Manus does require approval for each terminal command (“Always Allow” or “Allow Once”), which is smart. But even with those guardrails, the safest way to evaluate a new tool with this level of access is in an environment you can throw away.

Enter dockur/windows

dockur/windows is an open-source project that runs a full Windows installation inside a Docker container. KVM-accelerated, full auto-install, web-based viewer — no physical machine, no dual-boot, no cloud VM subscription.

35,000+ GitHub stars. One docker-compose.yml. Windows 11 running in your browser in under 20 minutes.

services:
  windows:
    image: dockurr/windows
    container_name: windows
    environment:
      VERSION: "11"
    devices:
      - /dev/kvm
      - /dev/net/tun
    cap_add:
      - NET_ADMIN
    ports:
      - 8006:8006
      - 3389:3389/tcp
      - 3389:3389/udp
    volumes:
      - ./windows:/storage
    restart: always
    stop_grace_period: 2m

That’s the entire setup. docker compose up, open http://localhost:8006, watch Windows install itself.

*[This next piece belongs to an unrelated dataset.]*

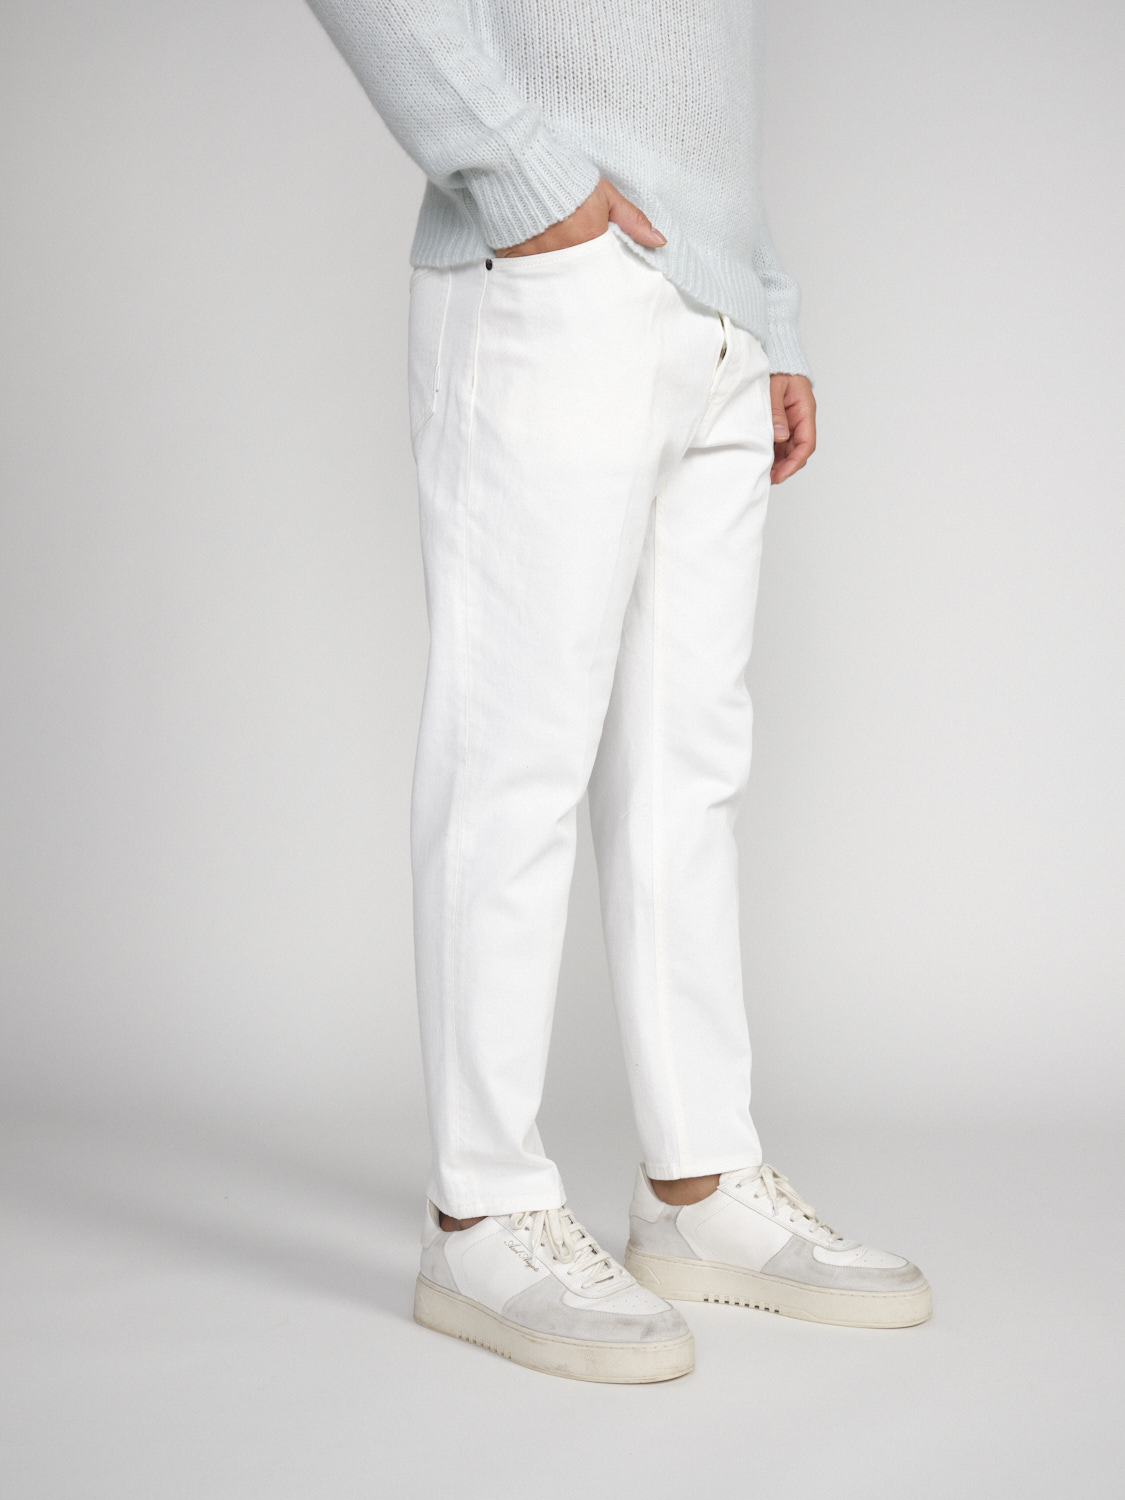 PT Torino Rebel - Jeans in cotone elasticizzato   bianco 31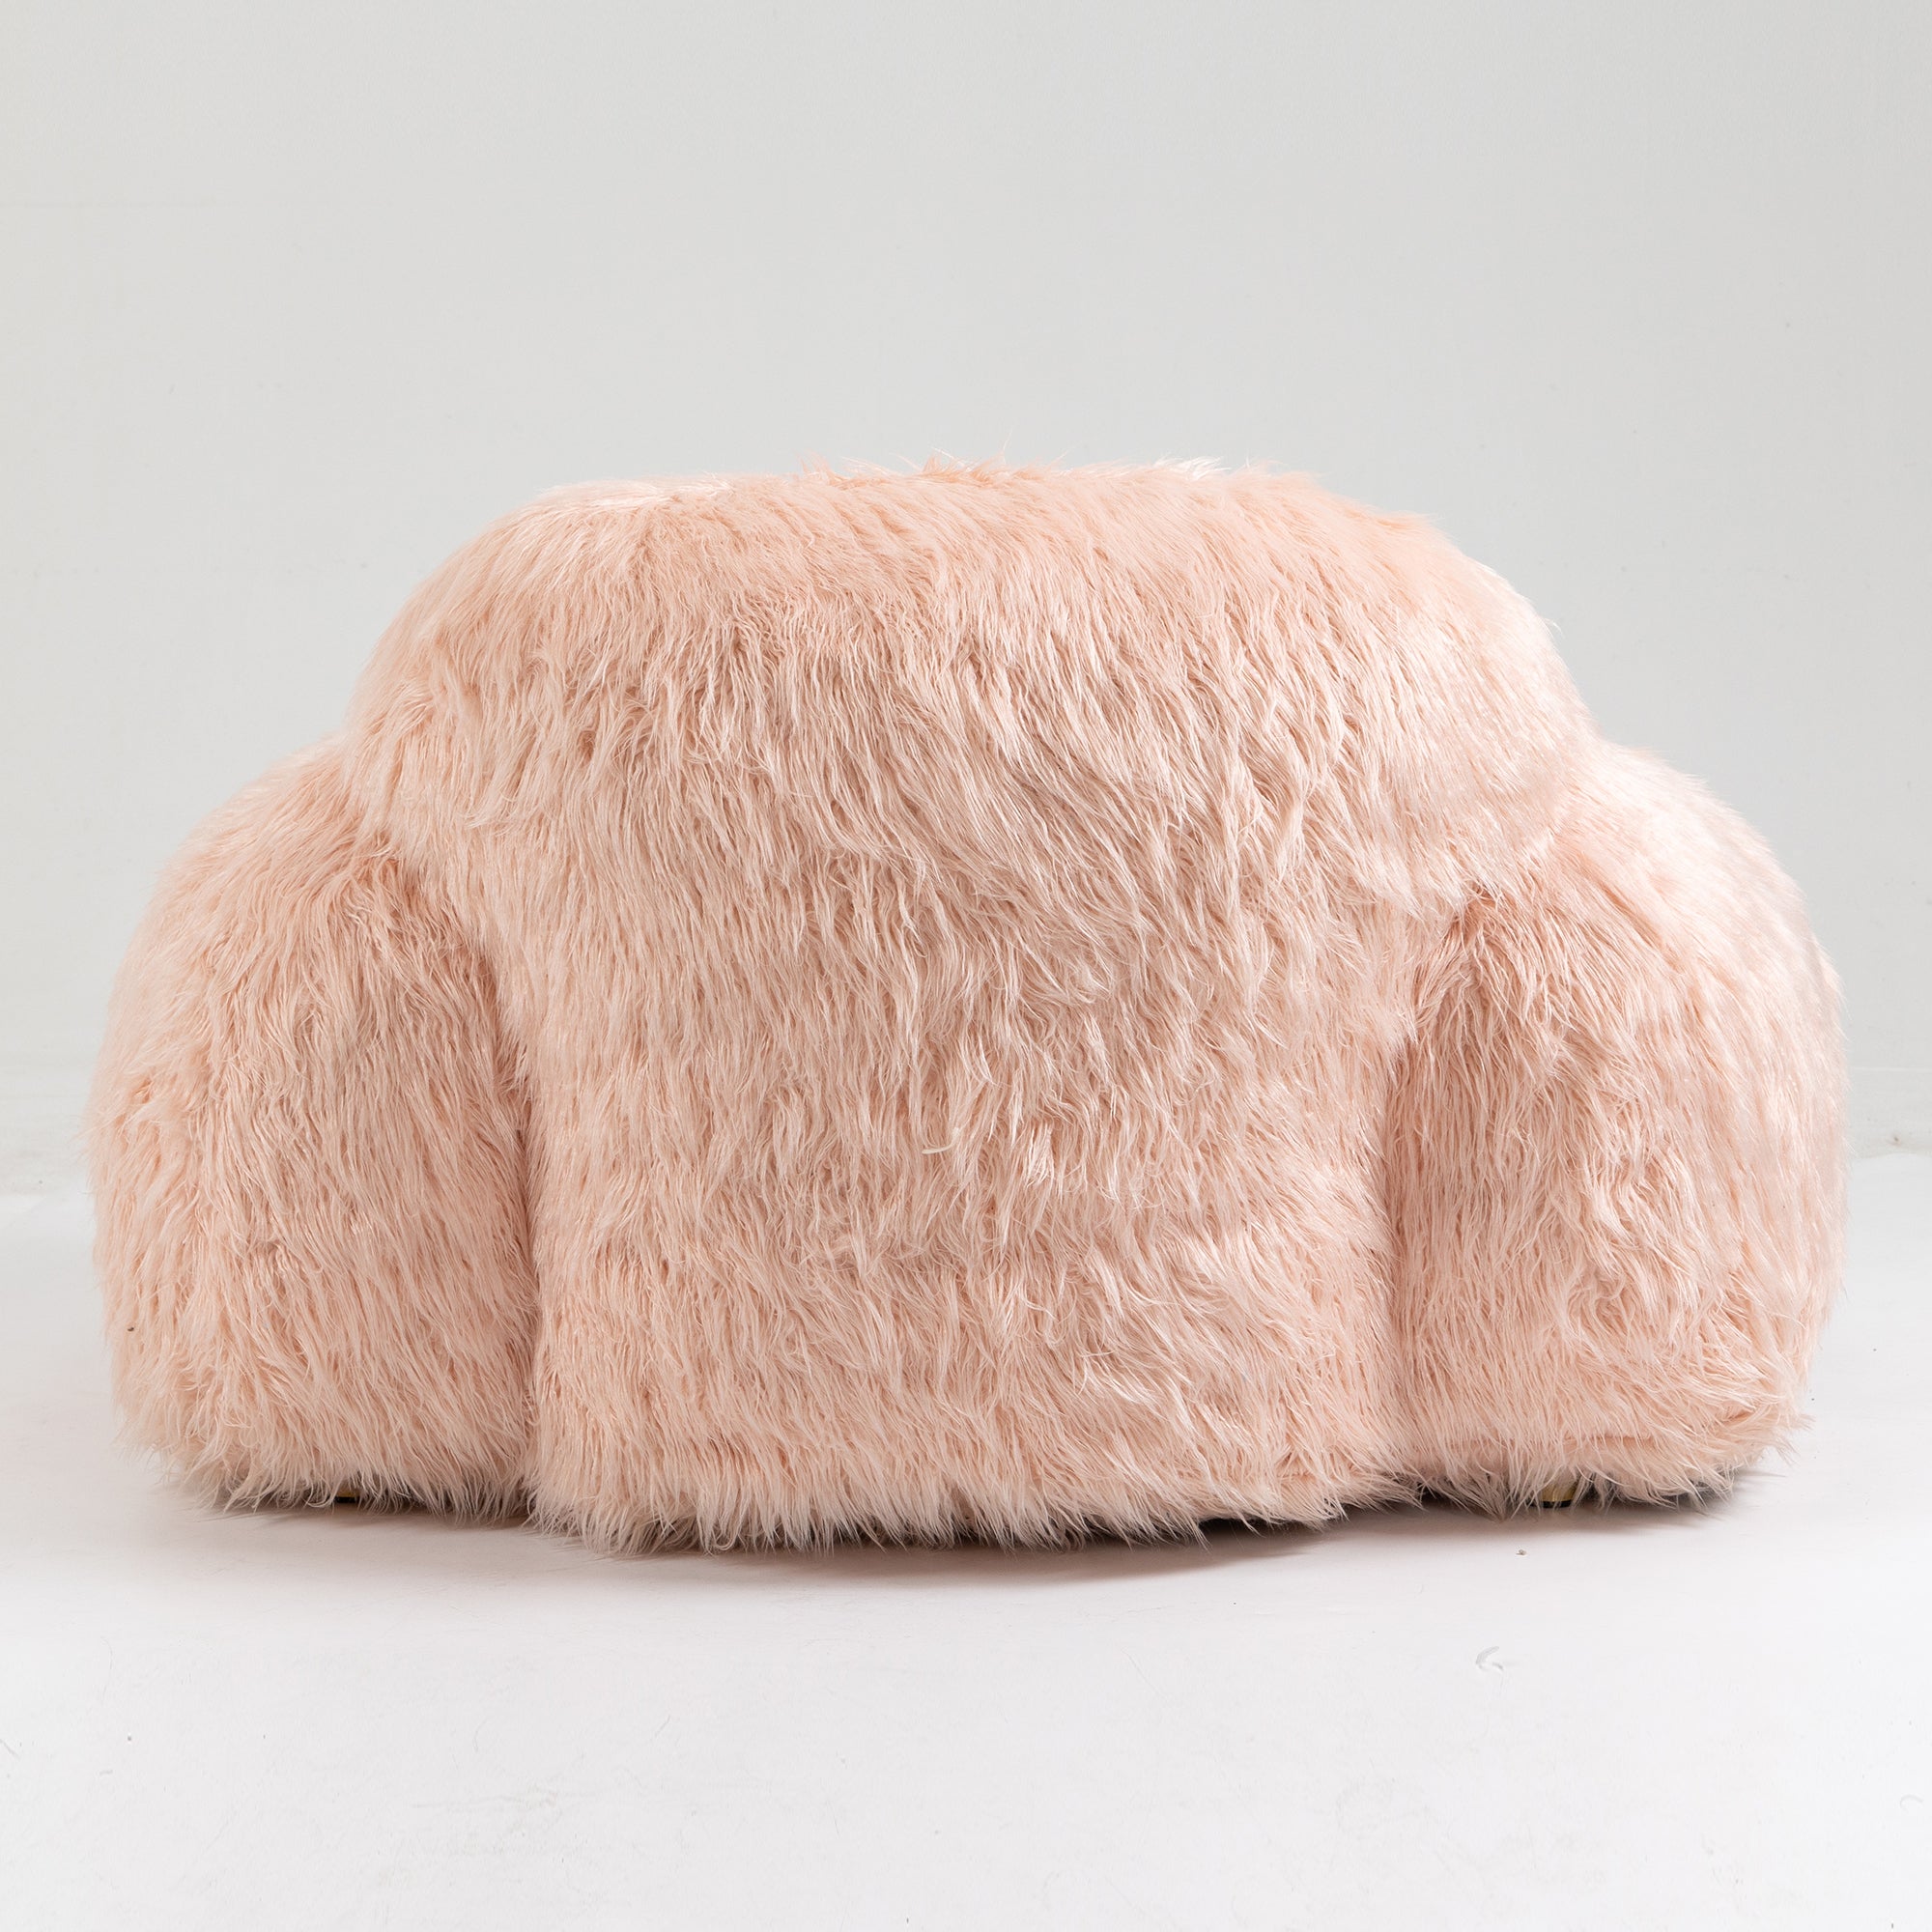 Bean bag chair lazy long hair sofa bean bag chair pink-faux fur

Using it to safely test Manus

Once the VM is running:

  1. Open the web viewer at http://localhost:8006 — you have a full Windows 11 desktop
  2. Download and install Manus Desktop inside the VM
  3. Test anything — let it access files, run terminal commands, operate the browser
  4. The VM is your sandbox — your real machine is completely untouched

If Manus does something you don’t expect, docker compose down && docker volume rm windows and you’re back to a clean slate. The whole thing is disposable.

You can also use RDP if you prefer a native remote desktop experience: connect to localhost:3389 with any RDP client.

Windows versions available

dockur/windows supports a surprising range:

VersionSize
Windows 11 Pro7.2 GB
Windows 11 LTSC4.7 GB
Windows 10 Pro5.7 GB
Windows Server 20256.7 GB
Windows XP (yes, really)0.6 GB

ISOs are downloaded directly from Microsoft’s servers — no piracy concerns, no sketchy sources.

Requirements

  • Linux host with KVM support (most modern Intel/AMD CPUs)
  • Docker + Docker Compose installed
  • ~10 GB free disk space for the Windows image
  • Doesn’t work natively on macOS/Windows hosts without additional nested virtualization setup

If you’re running on a Linux VPS or server, this works out of the box. On a Mac, you’d need something like UTM or a cloud VM first.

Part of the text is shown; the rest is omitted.